The True Finns party has had a meteoric rise in recent months as economic and ethnic tensions have roiled the EU, including even Nordic and Baltic nations that have been deemed pillars of stability. In 2007 in Finland’s last parliamentary election, the True Finns finished eighth among the parties, with less than two percent of the vote.

The True Finns, with a strongly anti-EU and anti-immigration platform, oppose Finnish participation in any EU bailouts, including the one currently being negotiated with Portugal.

A new coalition government could emerge between the front-running conservative National Coalition Party and the second-placed Social Democrats, but even with the True Finns excluded from government, Finland may emerge as a major obstacle for EU plans to maintain the eurozone. The Social Democrats have also voiced doubts about the terms of the proposed Portuguese bail-out.

More significantly, Finland is the first EU member state where a country’s participation in an EU bailout has to be approved by the national parliament. As a result, this nation of 5.6 million people may shift from being a quietly positive member of the eurozone to becoming an obstacle to EU consensus.

Timo Soini, 48,  the leader of the populist True Finns, has indicated that he would not seek to veto  a concerted EU bail-out – provided that Finland did not have to help pay for it.

"Our money must not be splashed out on mechanisms that don't work," Soini told Finnish YLE radio.

"We won't be dictating conditions for the rest of Europe but we will maintain the right for Finland to decide for itself on money matters," he said. "Finnish cows must be milked in Finland and we shouldn't send their milk for charity outside the borders of this country."

If Finland votes against a Portuguese bailout program, the European Financial Stability Facility would be paralyzed; if it merely abstains, the remaining eurozone countries could in theory go ahead with a bailout without Finnish contributions.

However, that means other countries would have to make up for the lost guarantees, a scenario that would run into opposition in other well-off states like Germany, the Netherlands or Austria, where sentiment against the bailouts also runs high.

Soini's showing struck a poerful new chord in Finnish politics. Finland has had a strong (but largely undebated) national consensus led by elite opinion favoring steady support of the EU since joining in 1995 and the euro since joining it in 2002. It may take weeks to measure what role, if any, his party will play in the next Finnish government.

Helsinki’s stance could become less cooperative if Mr. Soini’s influence grows, fueling an expanding a voter backlash accross Europe against EU financial rescues for eurozone laggards.

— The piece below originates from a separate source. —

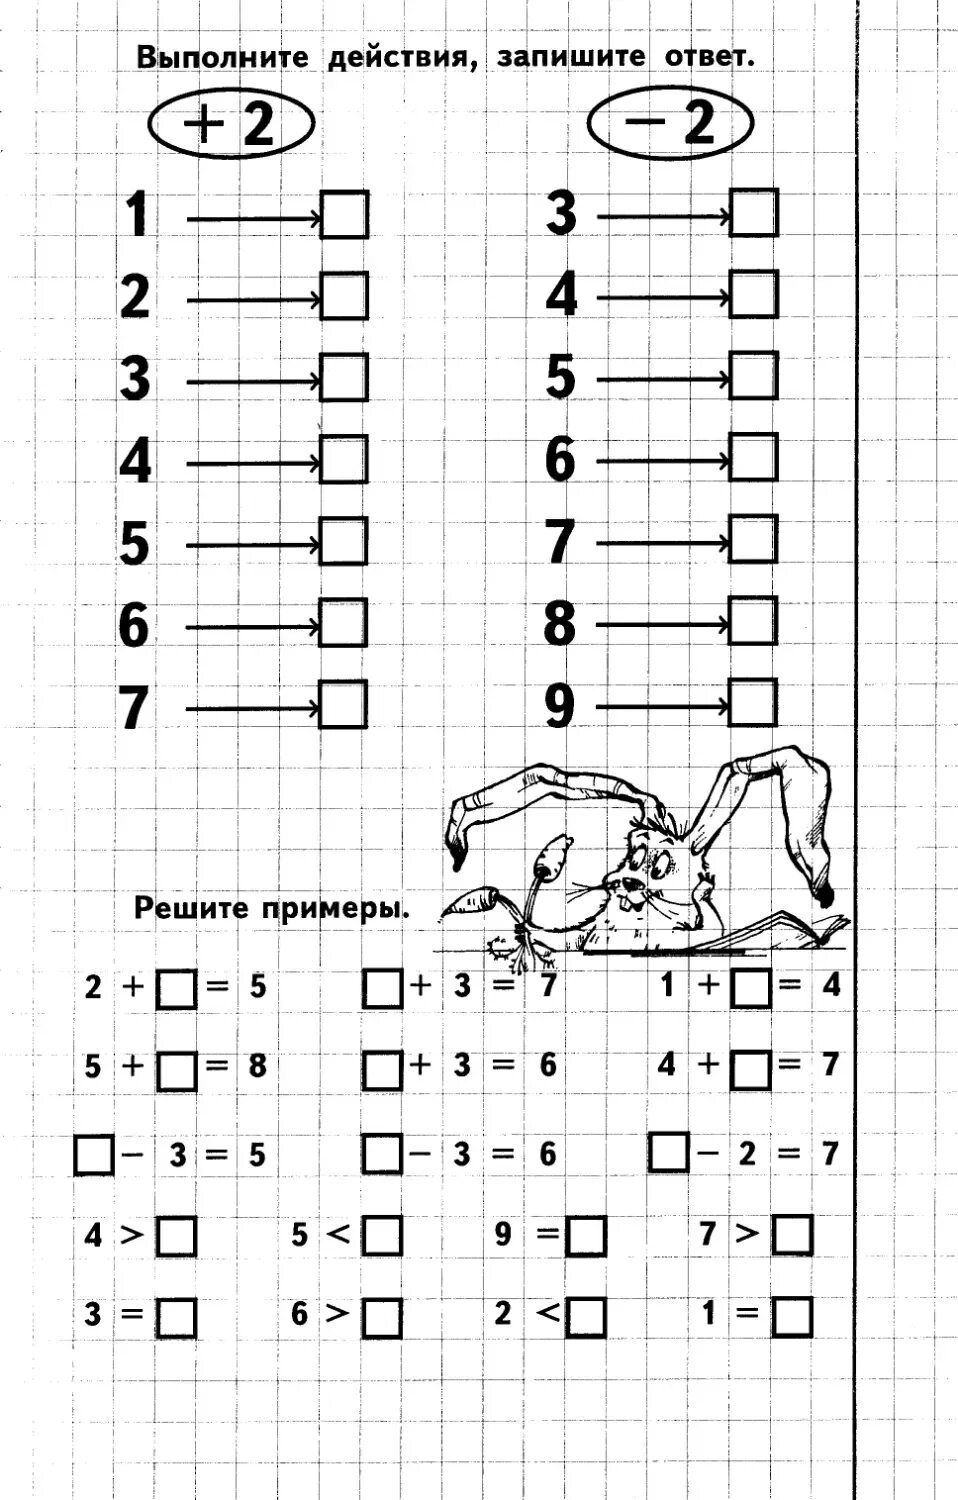 Задания для дошкольников по математике 6-7 лет решение примеров. Примеры для дошкольников 6-7 лет задания распечатать. Задания по математике для дошкольников примеры. Примеры и задачи для дошкольников 6-7 лет по математике распечатать. Тесты математика 7 лет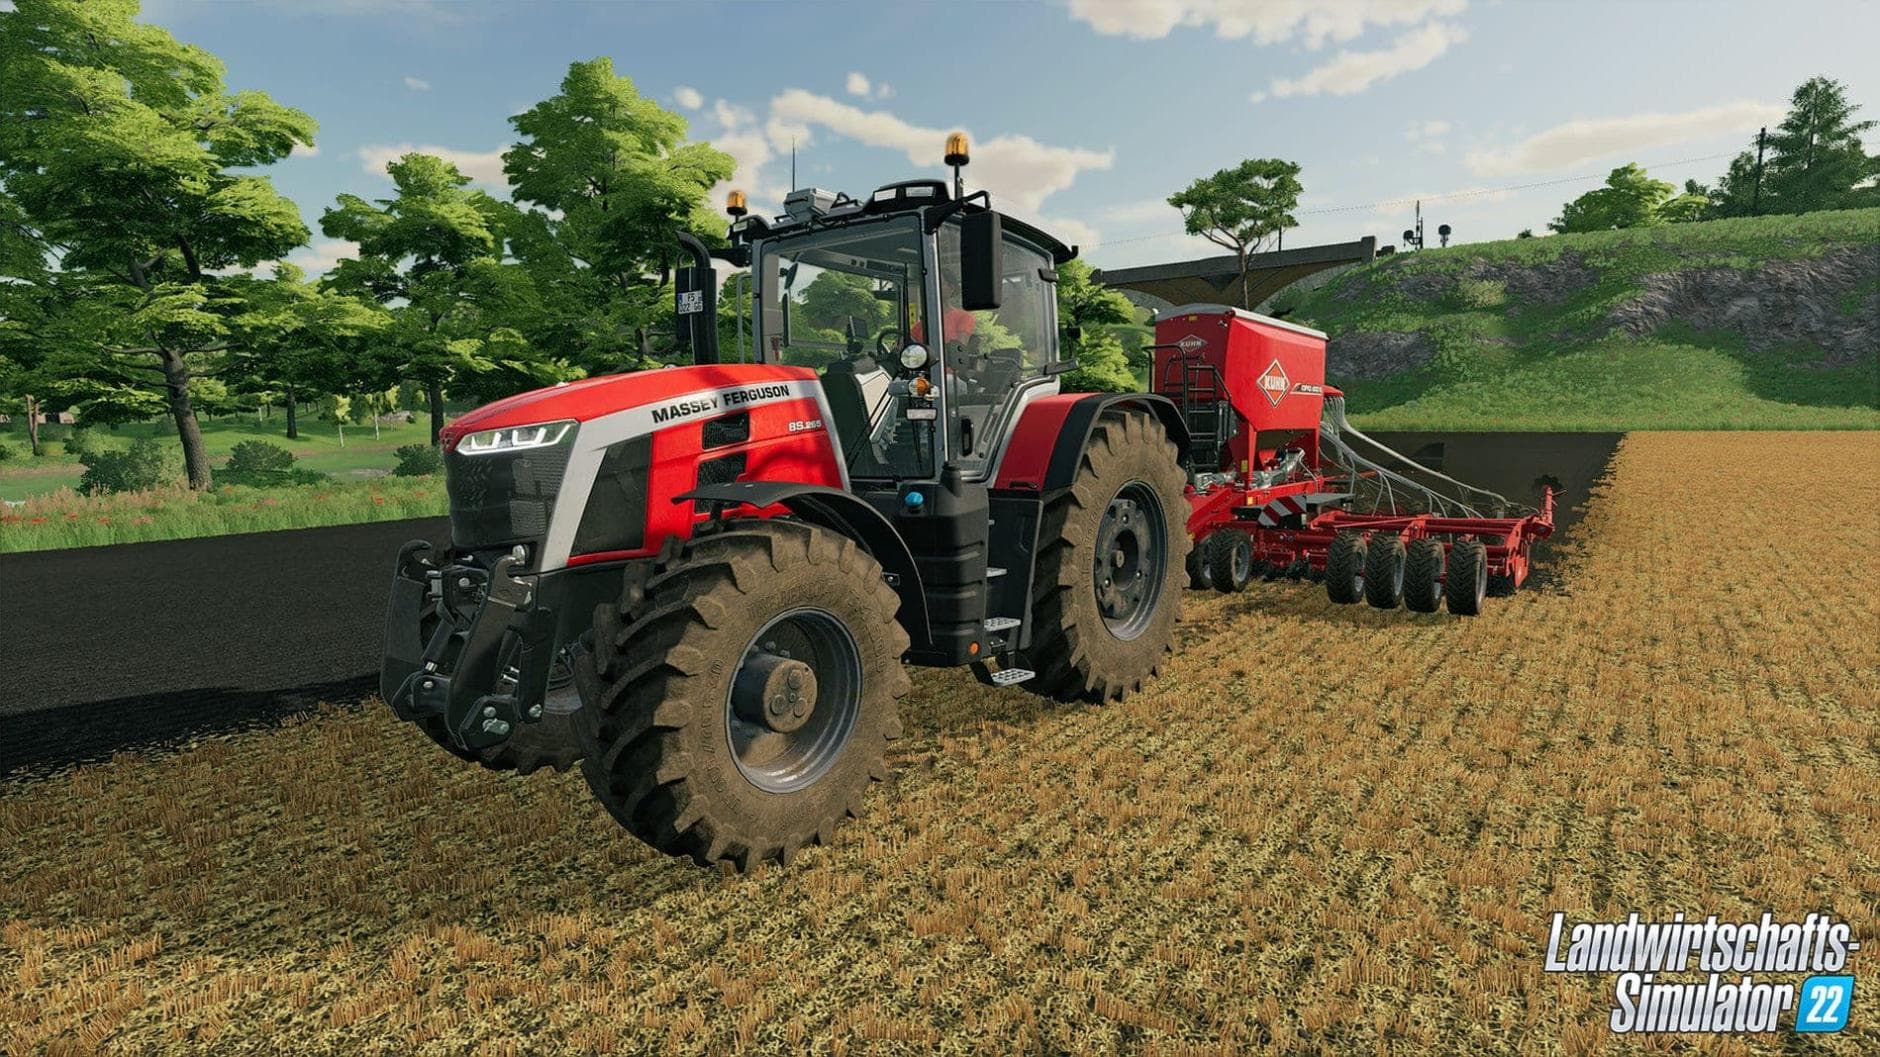 Landwirtschafts-Simulator 22 angekündigt: Termin und neue Features

A thick-set bear of a man, the jovial Soini – who is a member of the European Parliament -- thrives on challenging the established political parties with his rejection of European integration, dislike of the euro and his anti-immigration rhetoric. He is described as a politiian who is ultimately pragmatic. But even if he is not part of the new coalition to be formed in coming weeks, his party, with some political horse-trading, might be able to muster a parliamentary majority to back his views on the bail-out issue and eurozone rescue mechanism known as the European Financial Stability Mechanism.